Note: This is an approximate problem. There is no exact solution. You must find the most optimal solution. Please, take a look at the sample explanation to ensure that you understand the problem correctly.

Given a set of N nodes, where each node has a character A[i] associated with it. A[i] can be either an opening bracket ( or a closing bracket ). Construct a tree using N nodes numbered 1 to N such that the value of the given function Z is maximized.

$Z = \sum_\limits{i = 1}^{i = N} [\sum_\limits{j = i + 1}^{j = N}[F(i,j)]]$, where $F(i,j)$ = Length of the longest balanced parenthesis substring on the simple path between node i and node j.
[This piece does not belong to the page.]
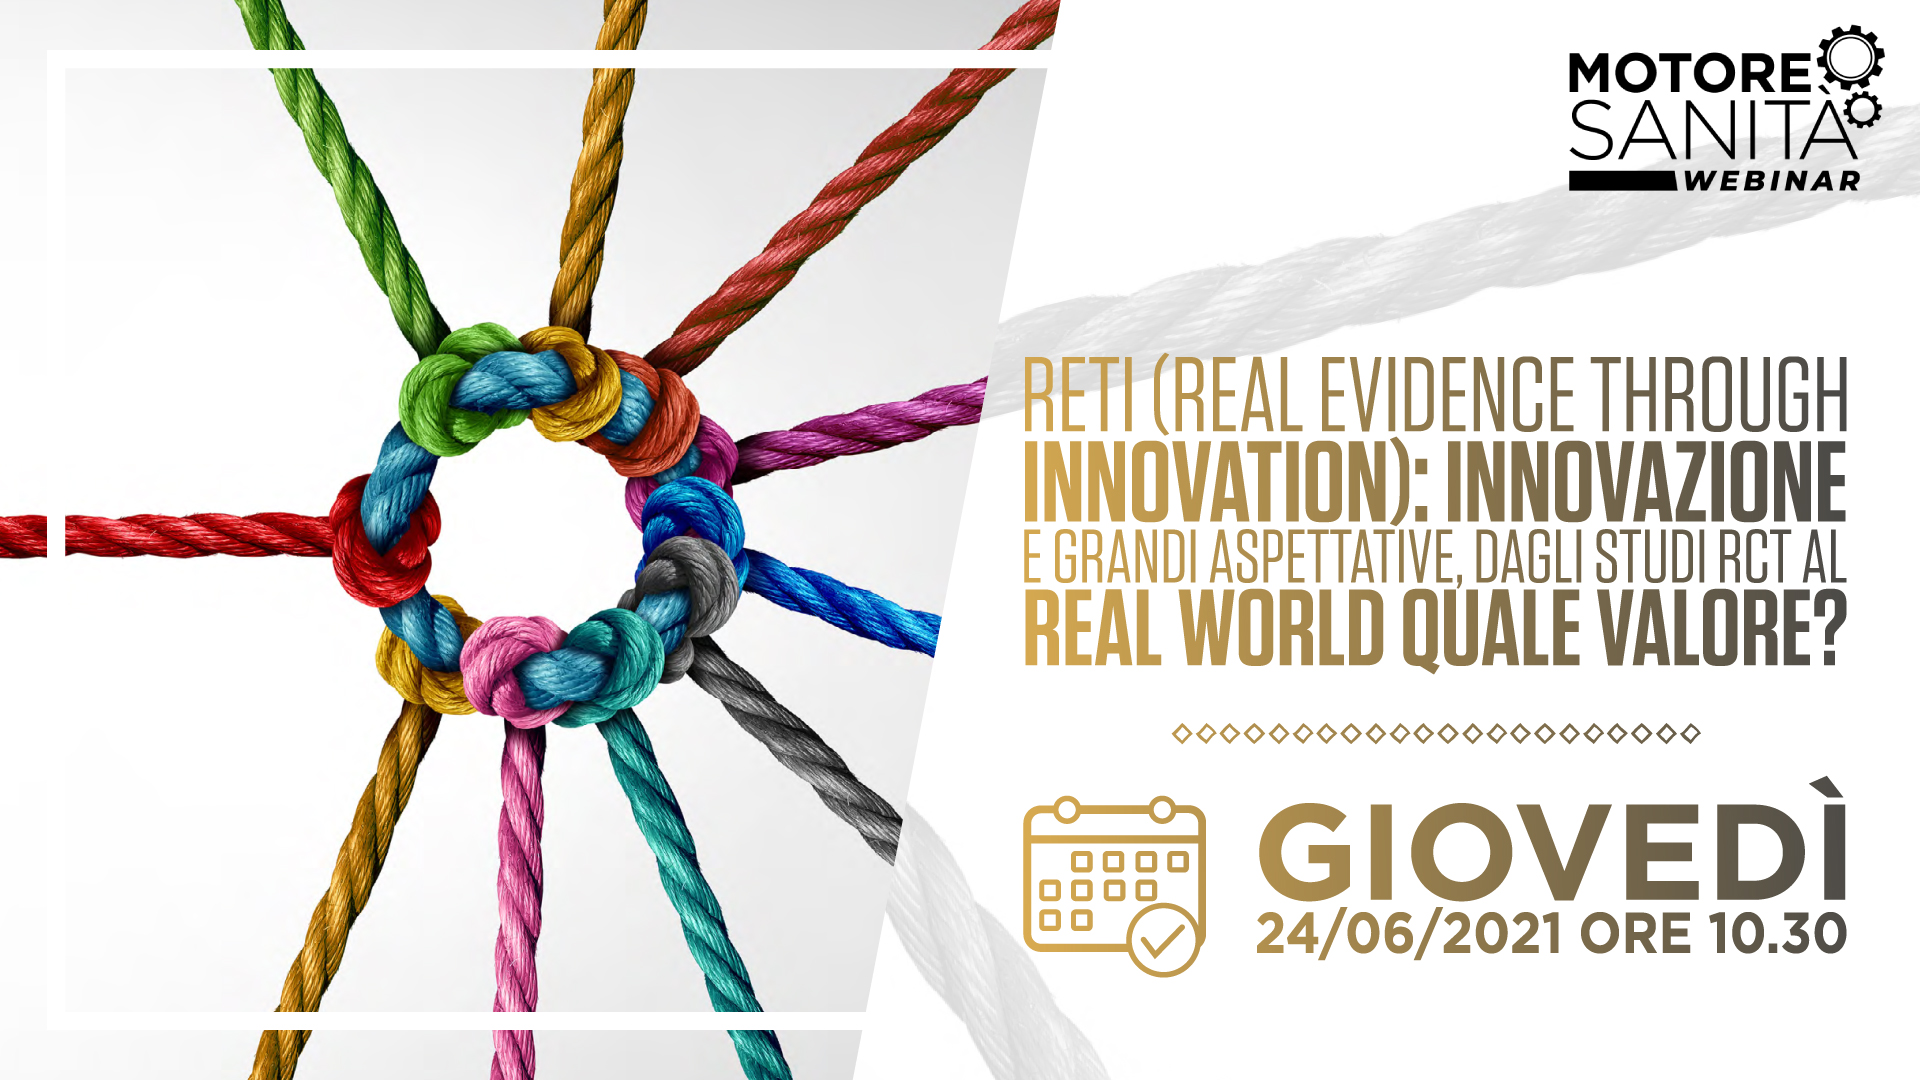 ONCOnnection - RETI (real evidence through innovation): innovazione e grandi aspettative, dagli studi rct al real world quale valore?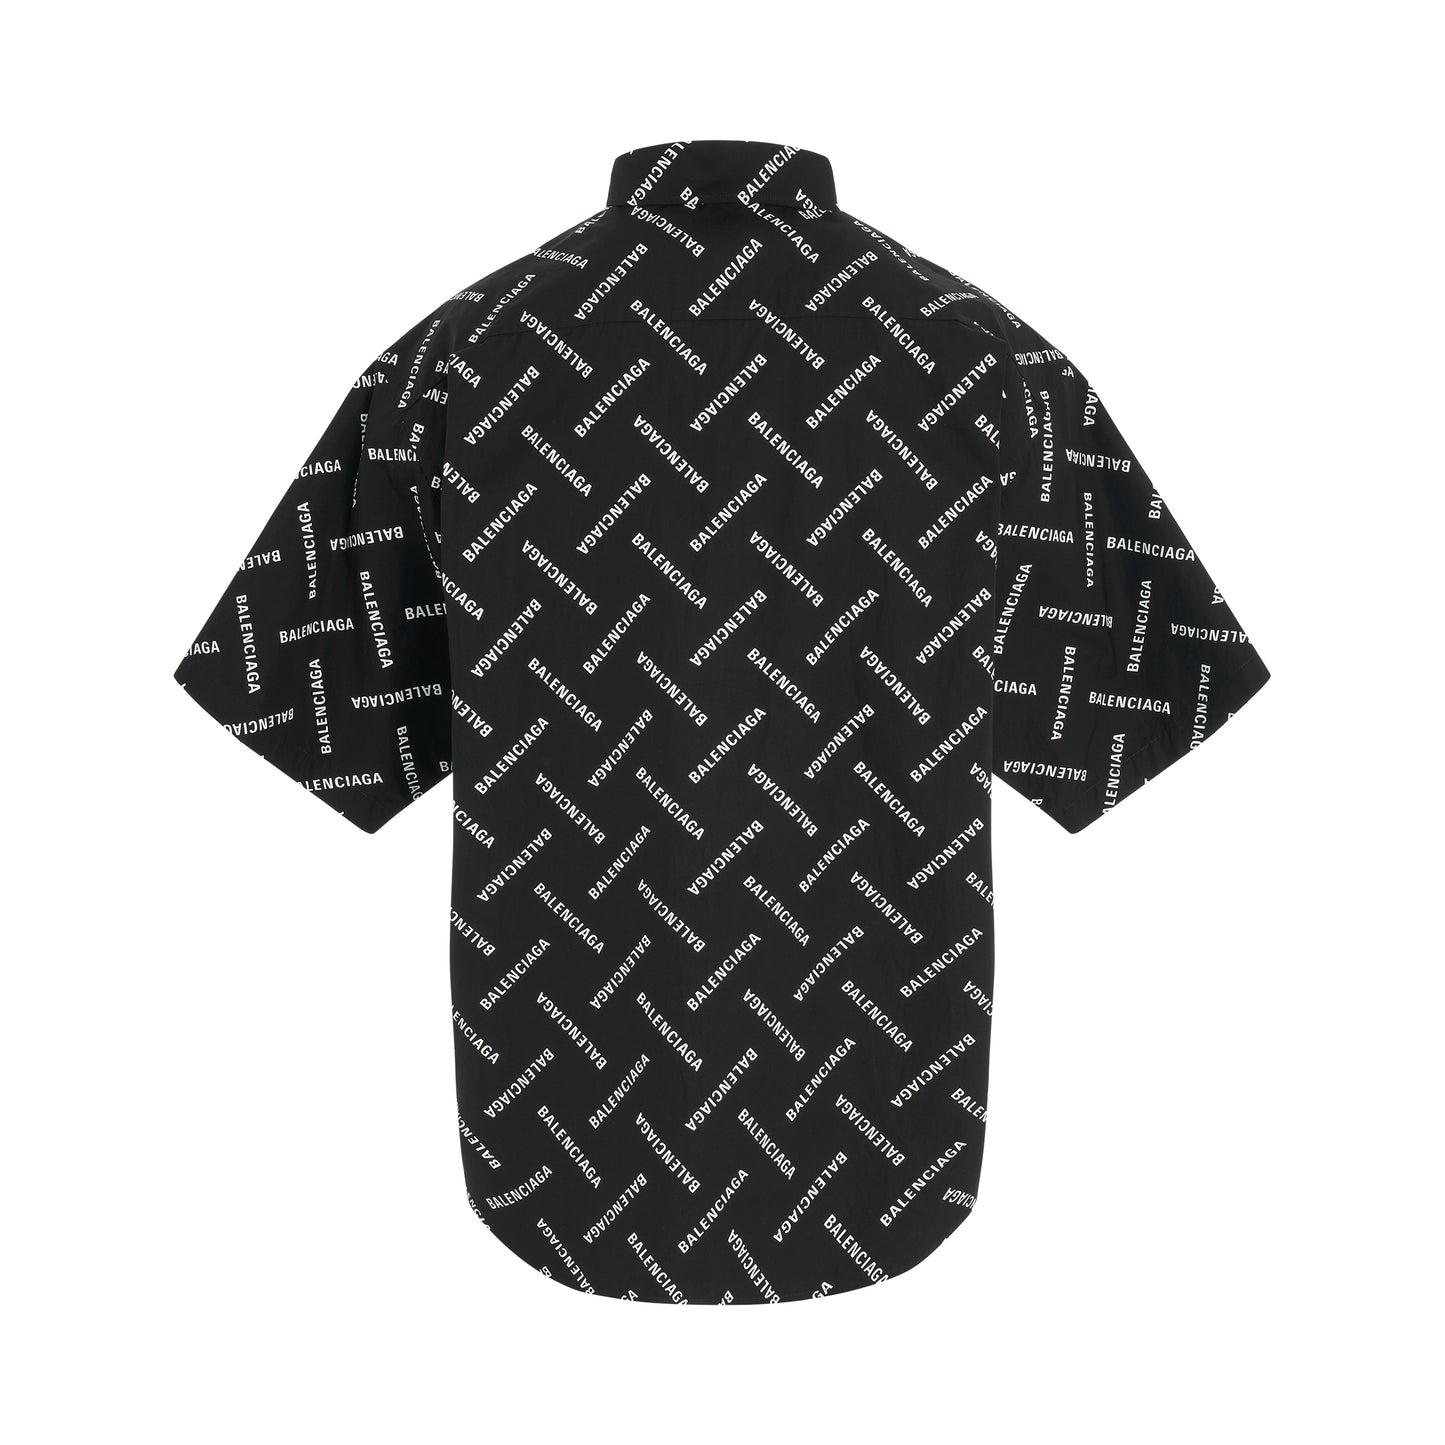 All-Over Logo Short-Sleeve Shirt in Black/White

A string is said to be balanced if

• Empty string is a balanced string.
• if $s$ is a balanced string, then $(s)$ is also a balanced string.
• if $s$ and $t$ are balanced strings, then $st$ (concatenation of $s$ and $t$) is also a balanced string.

For example : (())) is not balanced as last closing bracket is unmatched.

Input format

• The first line contains an integer N denoting the number of nodes in the tree.
• The next line contains a string $A$ of length $N$ where each character denotes the value of each node i.e. A[i].

Output format

• Print N - 1 lines where each line contains
  • Two space-separated integers a, b denote an edge between nodes a and b in the tree. 

Constraints

$2 \le N \le 500$

Verdict and Scoring

• Z is the score for each test case.
• If the output is not a tree or contains any invalid entry, then you will receive a Wrong Answer verdict.